A helicopter plucked to safety on Thursday six people stranded in a mining area after Taiwan's worst earthquake in 25 years, while hundreds of aftershocks rocking the eastern region near its epicentre drove scores more to seek shelter outdoors.

The death toll from Wednesday's 7.2-magnitude quake rose to 10, with the tally of injured at 1,067, authorities said, while most of the roughly 50 hotel workers marooned on a highway as they headed to a resort in a national park were located.

But 660 people were still trapped, most of them in hotels in the park, after the road was cut off, the fire department said, as the discovery of a dead body on a hiking trail near the entrance to a gorge took the total deaths to 10.

A helicopter ferried to safety six miners trapped on a cliff in a dramatic rescue after the quake cut off the roads into Hualien's soaring mountains, in footage shown by the department.

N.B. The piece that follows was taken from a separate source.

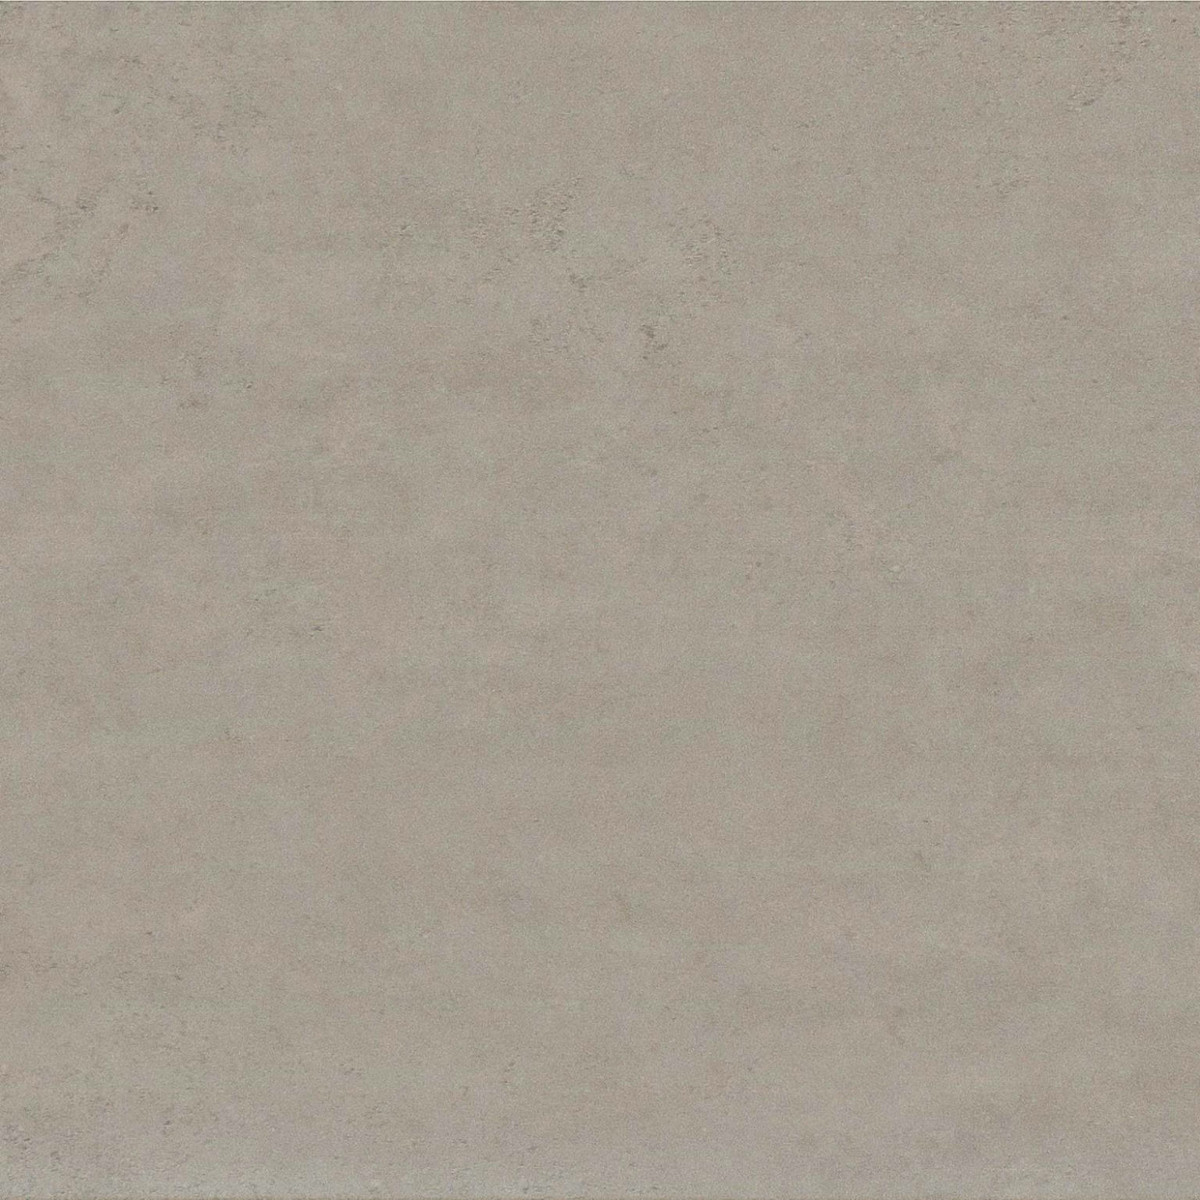 SOHO - Carrelage Sol Effet béton - Grey 45x45 - Réf.203101

The agriculture ministry urged people to keep away from the mountains because of the risk of falling rocks and the formation of "barrier lakes" as water pools behind unstable debris.

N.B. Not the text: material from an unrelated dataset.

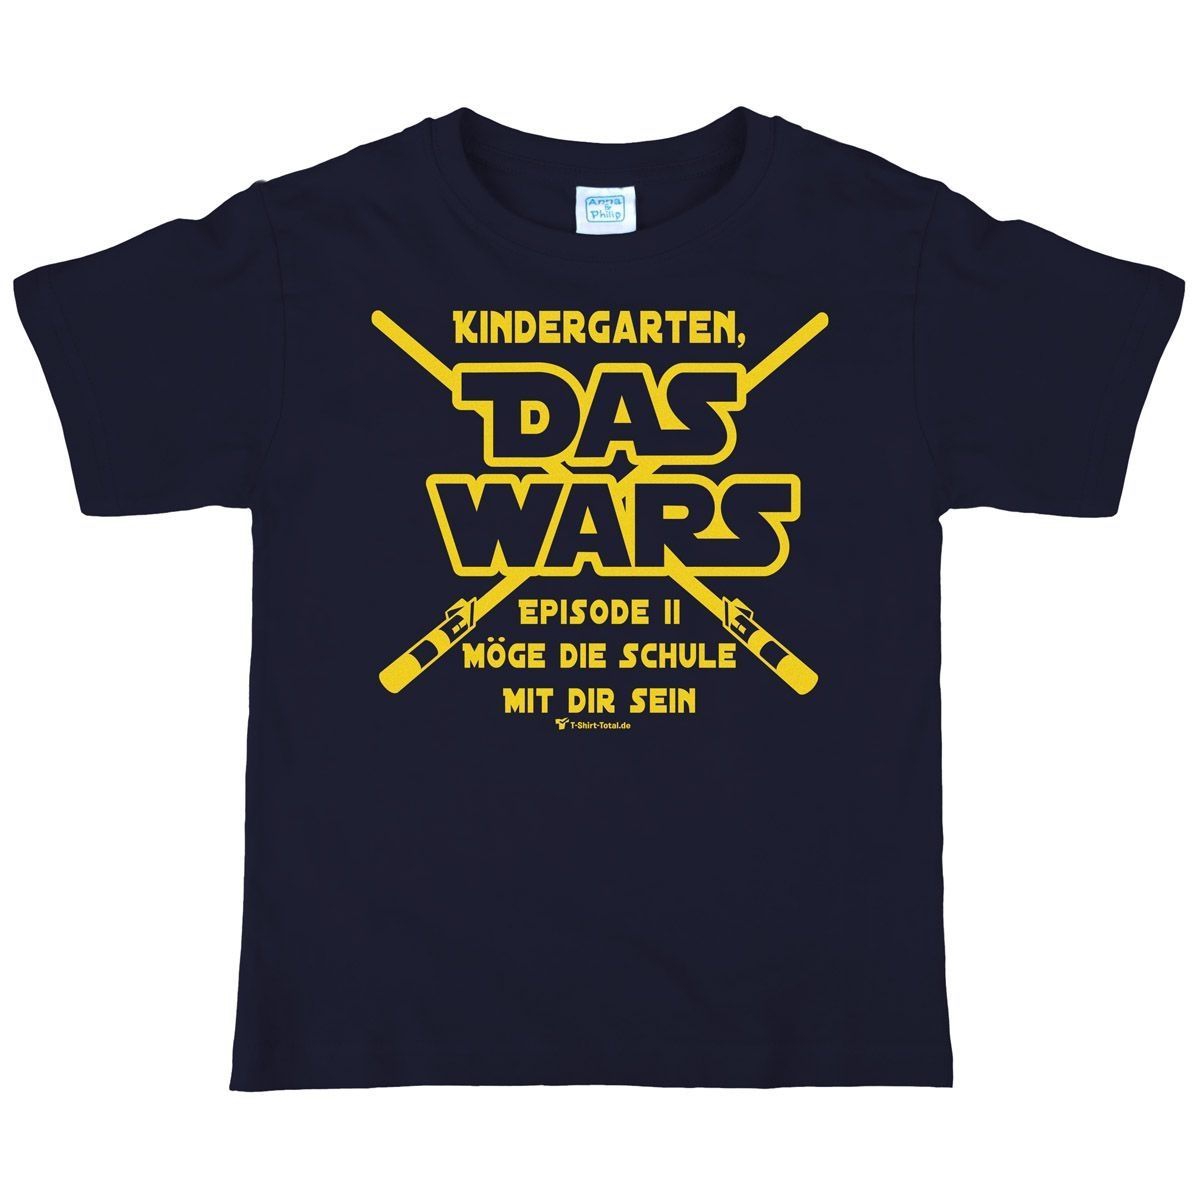 Das wars Kindergarten Kinder T-Shirt navy 122 / 128

Thursday was the start of a long-weekend holiday for the tomb-sweeping festival, when families traditionally return home to attend to ancestral graves, though others will also visit tourist attractions.

People in largely rural and sparsely populated Hualien county were readyingto go to work and school when the earthquake struck offshore on Wednesday.

Buildings also shuddered violently in Taipei, but the capital suffered minimal damage and disruption.

All those trapped in buildings in the worst-hit city of Hualien have been rescued, but many residents unnerved by more than 300 aftershocks spent the night outdoors.